= Leonardo Marini =

Italian theologian and archbishop

Leonardo Marini (1509 in Chios – 11 June 1573 in Rome) was an Italian theologian and archbishop of the Dominican Order of the Catholic Church.

==Biography==
Marini was born on the island of Chios, in the Aegean Sea, to a noble Genoese family. He entered the Dominican Order and studied theology.

Marini failed to be bishop of Perugia when Pope Paul III died before he could elect him, but his successor, Pope Julius III, appointed him the administrator of the Diocese of Mantua and bishop of the Diocese of Laodicensis in Phrygia (5 March 1550).
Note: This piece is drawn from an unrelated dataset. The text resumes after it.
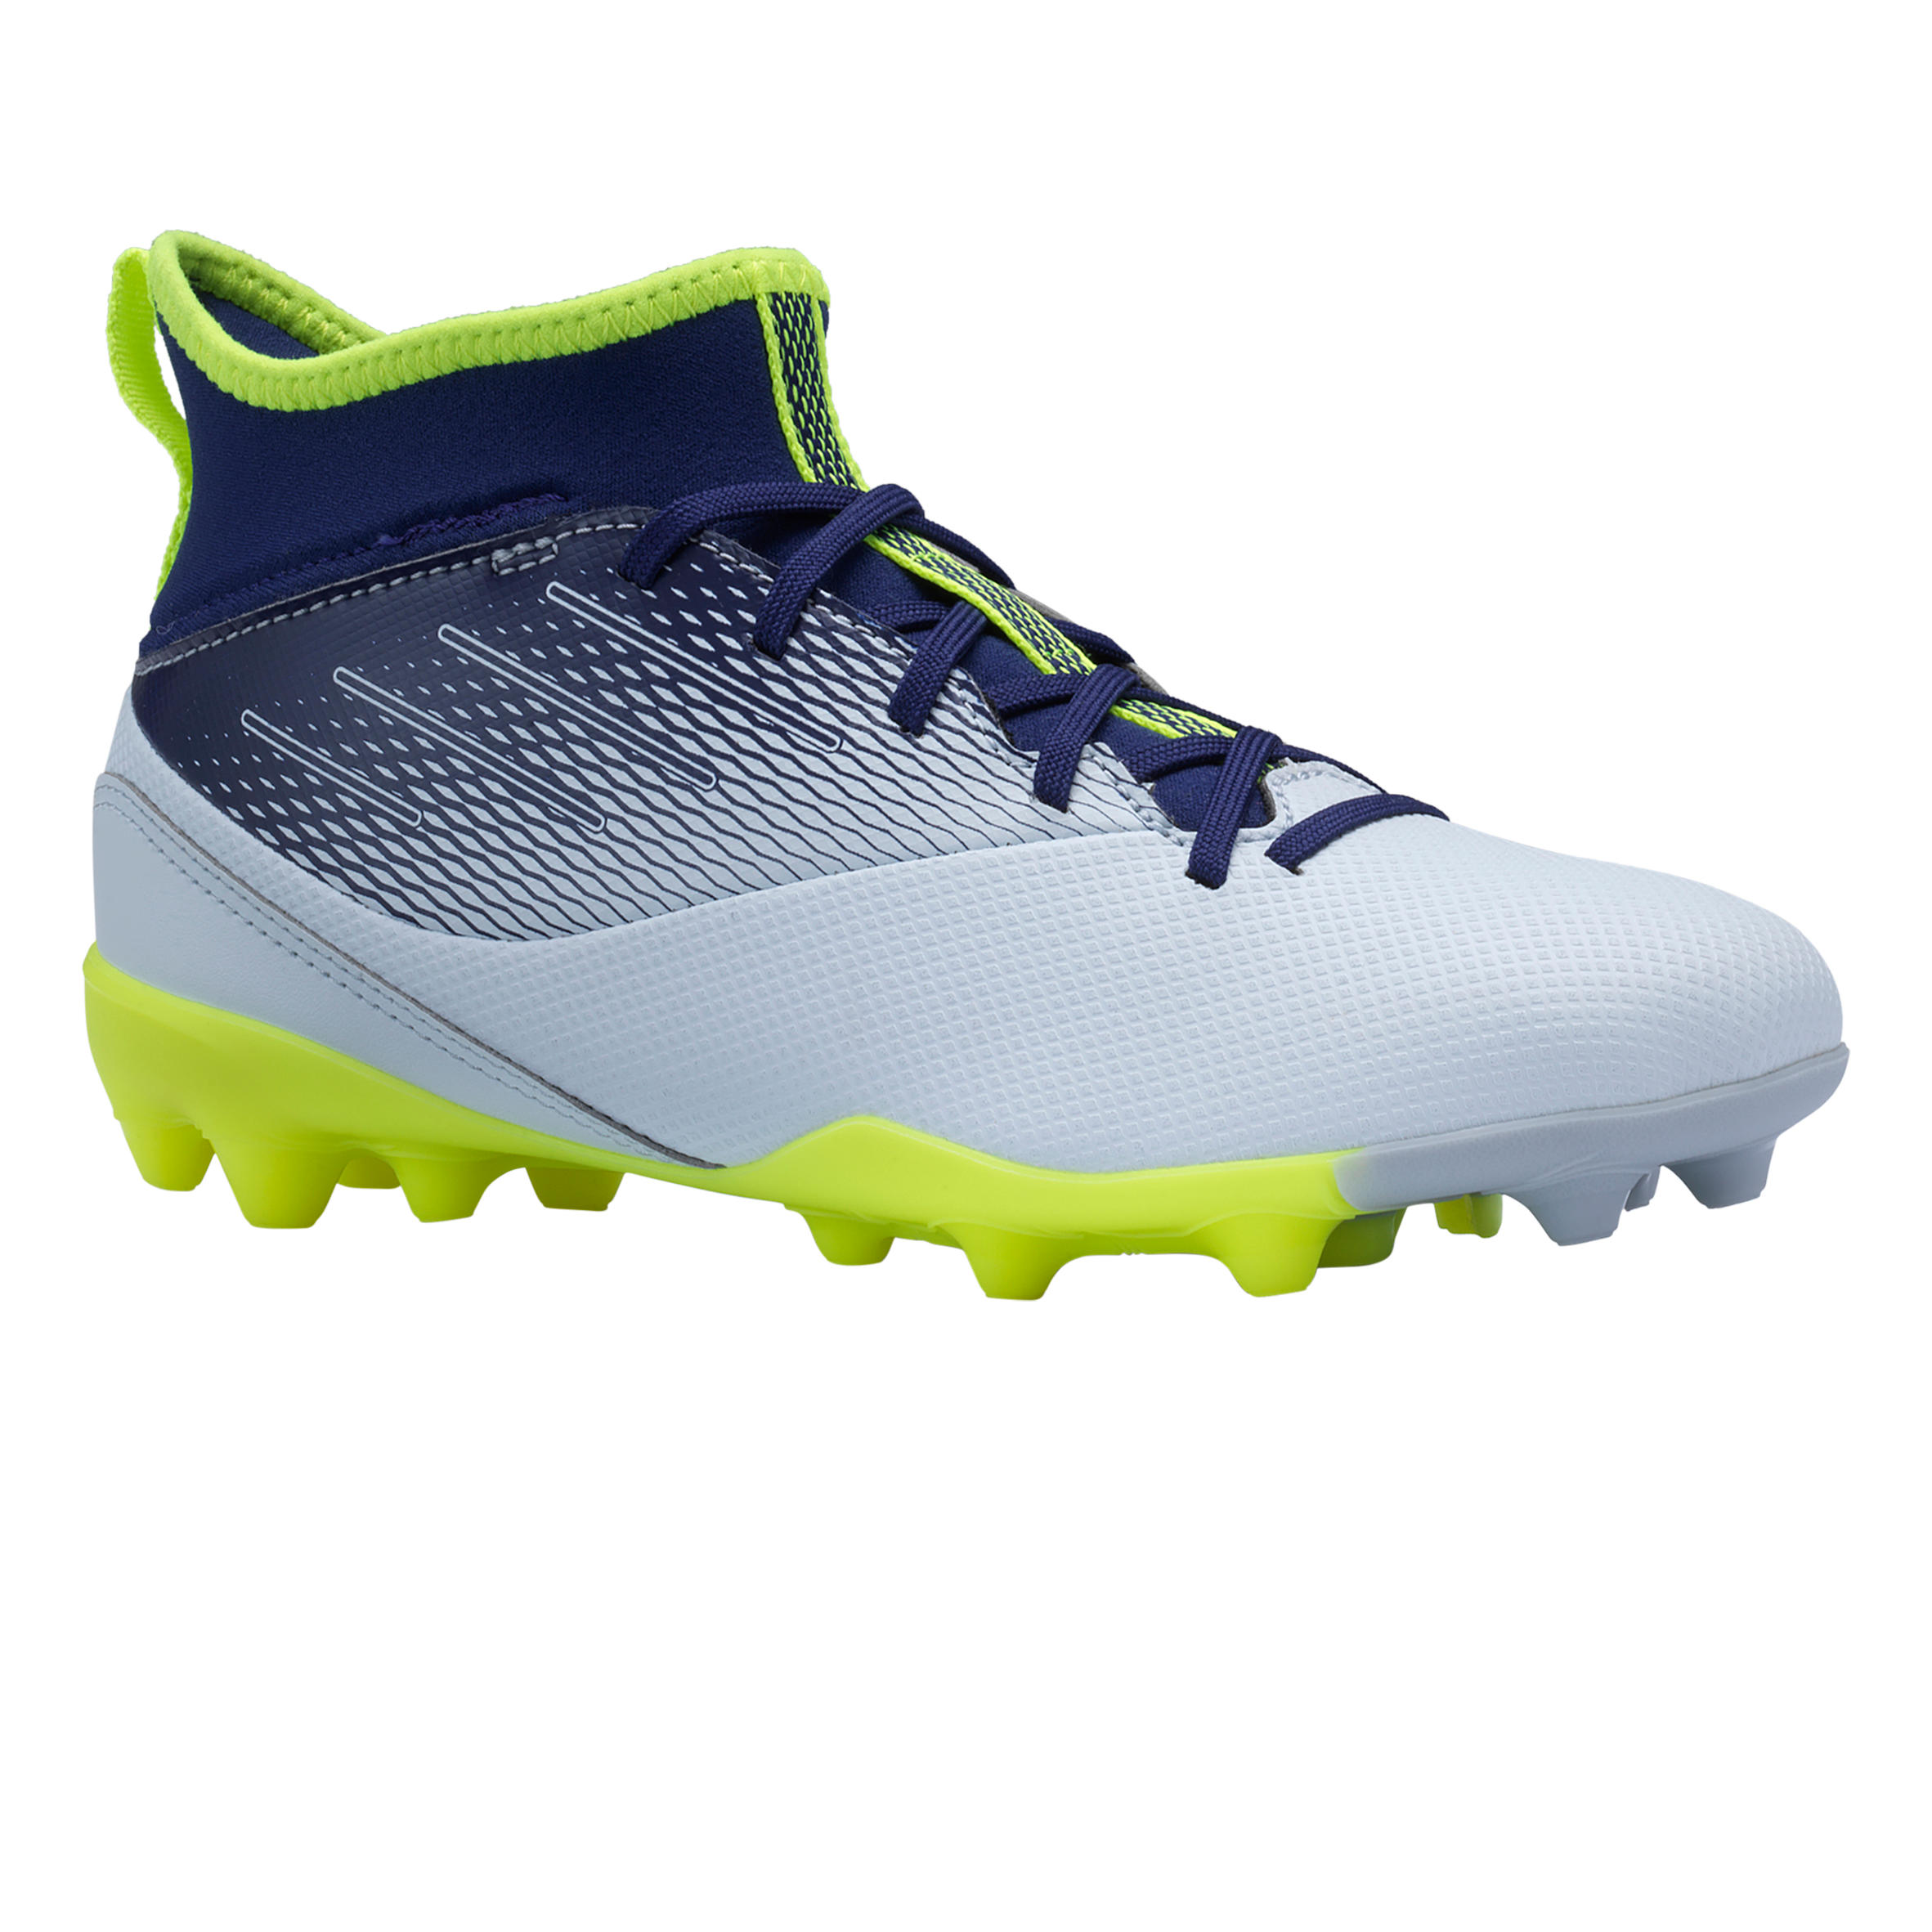 De De Chaussures Adulteamp; Chaussures Football Adulteamp; Enfants Football 4Aq5Rj3L

Marini also served as papal diplomat to Emperor Charles V and Philip II of Spain, and in 1560 Pope Pius IV appointed him Bishop of Lanciano (and archbishop in 1562). He was papal legate to the Council of Trent. After being transferred to Alba Pompeia (1566), appointed apostolic visitor to twenty-five dioceses of Italy.

Marini collaborated on the formation of the Roman Catechism and was a member of the Roman Breviary reform commission (1568) and of the Roman Missal (1570). On behalf of Pius IV, he reviewed the rules and constitutions of the Clerics Regular of St. Paul (Barnabites).